Tell how many lines in the data contain the string "Photo", using a single number as the whole reply.

[Dataset records]
--*--

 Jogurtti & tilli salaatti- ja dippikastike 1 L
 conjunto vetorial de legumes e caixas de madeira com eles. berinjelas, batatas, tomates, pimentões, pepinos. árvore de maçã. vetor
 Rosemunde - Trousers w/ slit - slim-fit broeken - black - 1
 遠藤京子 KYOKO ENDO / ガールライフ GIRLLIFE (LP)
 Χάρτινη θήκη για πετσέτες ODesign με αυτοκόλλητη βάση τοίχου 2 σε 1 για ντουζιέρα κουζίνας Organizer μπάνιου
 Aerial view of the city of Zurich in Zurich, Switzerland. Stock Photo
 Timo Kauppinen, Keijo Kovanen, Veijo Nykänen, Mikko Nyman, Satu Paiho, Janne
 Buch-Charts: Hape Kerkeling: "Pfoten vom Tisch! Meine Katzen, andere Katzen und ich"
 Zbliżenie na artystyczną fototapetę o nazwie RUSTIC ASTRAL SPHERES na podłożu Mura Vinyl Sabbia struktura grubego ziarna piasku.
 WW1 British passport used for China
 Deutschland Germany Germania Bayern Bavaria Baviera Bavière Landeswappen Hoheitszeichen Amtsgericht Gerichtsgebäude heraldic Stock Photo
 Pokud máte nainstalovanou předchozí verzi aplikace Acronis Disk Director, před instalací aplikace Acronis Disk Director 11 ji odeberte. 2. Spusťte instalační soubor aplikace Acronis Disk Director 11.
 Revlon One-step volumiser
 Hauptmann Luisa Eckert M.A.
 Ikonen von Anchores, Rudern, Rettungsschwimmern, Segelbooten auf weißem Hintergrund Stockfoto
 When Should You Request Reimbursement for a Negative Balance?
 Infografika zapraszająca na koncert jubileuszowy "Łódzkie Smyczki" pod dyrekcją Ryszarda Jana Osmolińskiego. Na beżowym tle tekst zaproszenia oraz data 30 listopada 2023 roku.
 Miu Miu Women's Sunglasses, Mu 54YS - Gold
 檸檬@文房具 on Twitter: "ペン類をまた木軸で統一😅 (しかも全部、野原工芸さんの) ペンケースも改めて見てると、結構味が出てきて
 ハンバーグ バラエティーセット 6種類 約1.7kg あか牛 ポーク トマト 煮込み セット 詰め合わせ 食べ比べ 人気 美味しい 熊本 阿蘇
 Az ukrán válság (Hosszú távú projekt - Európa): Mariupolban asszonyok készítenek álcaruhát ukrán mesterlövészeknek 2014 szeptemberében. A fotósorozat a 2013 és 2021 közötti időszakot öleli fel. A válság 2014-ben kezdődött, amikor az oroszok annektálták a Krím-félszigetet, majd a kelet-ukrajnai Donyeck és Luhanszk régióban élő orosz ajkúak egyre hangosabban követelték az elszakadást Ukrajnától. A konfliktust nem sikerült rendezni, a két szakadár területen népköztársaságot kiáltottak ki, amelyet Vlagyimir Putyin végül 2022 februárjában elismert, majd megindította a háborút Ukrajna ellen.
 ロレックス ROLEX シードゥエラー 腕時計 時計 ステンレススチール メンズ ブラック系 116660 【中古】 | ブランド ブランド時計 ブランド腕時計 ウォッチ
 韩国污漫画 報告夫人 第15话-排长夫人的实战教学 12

--*--

■ Written answer
2